Тем временем Халеф вернул Стойко деньги, отнятые у разбойников. Стойко подтвердил, что это его деньги. Потом малыш снял кольчугу и отстегнул саблю, чтобы вернуть ее вместе с кинжалом. Стойко медлил, не решаясь их брать. Через несколько мгновений он обратился ко мне:
– Эфенди, у меня есть просьба к тебе и надеюсь, что ты исполнишь ее.

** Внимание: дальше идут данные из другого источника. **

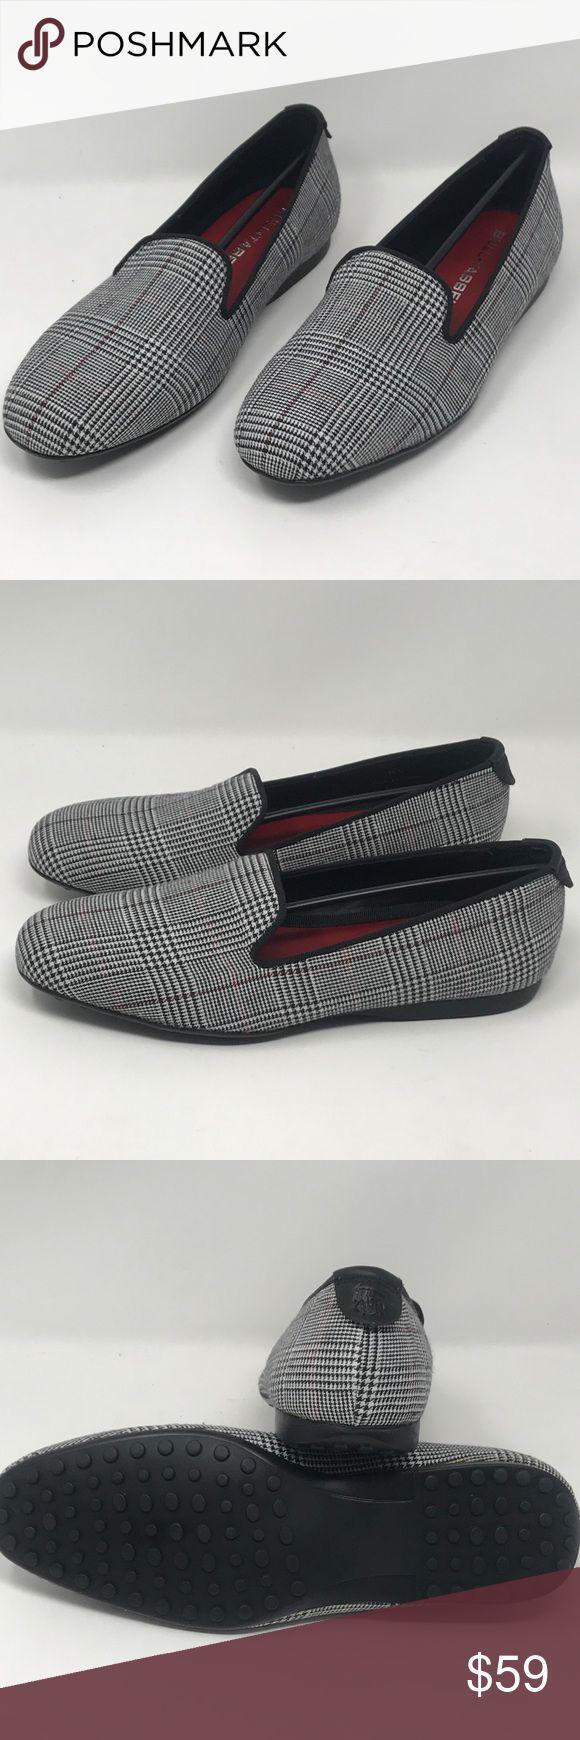 BULL + TASSEL Men's Glen Casual Shoes Loafer BULL + TASSEL Men's Glen Casual Shoes Loafer Slip On Houndstooth Size 8 thru 13, New in box Bull + Tassel Shoes Loafers & Slip-Ons

– Если это возможно, то рад буду помочь.
– Ее легко исполнить. Вы спасли меня. Я знаю, что без вас я непременно погиб бы. Мое сердце полно благодарности к вам, и я хочу это доказать. Хаджи сейчас вернул мне оружие, которое в нашей семье издавна передается по наследству. Тот, кому оно назначалось, теперь мертв; само оружие будет постоянно напоминать мне об убийстве, поэтому я хочу передать его тебе в знак благодарности. К сожалению, кольчуга тебе слишком мала, зато для хаджи она впору, так что позволь мне подарить ему…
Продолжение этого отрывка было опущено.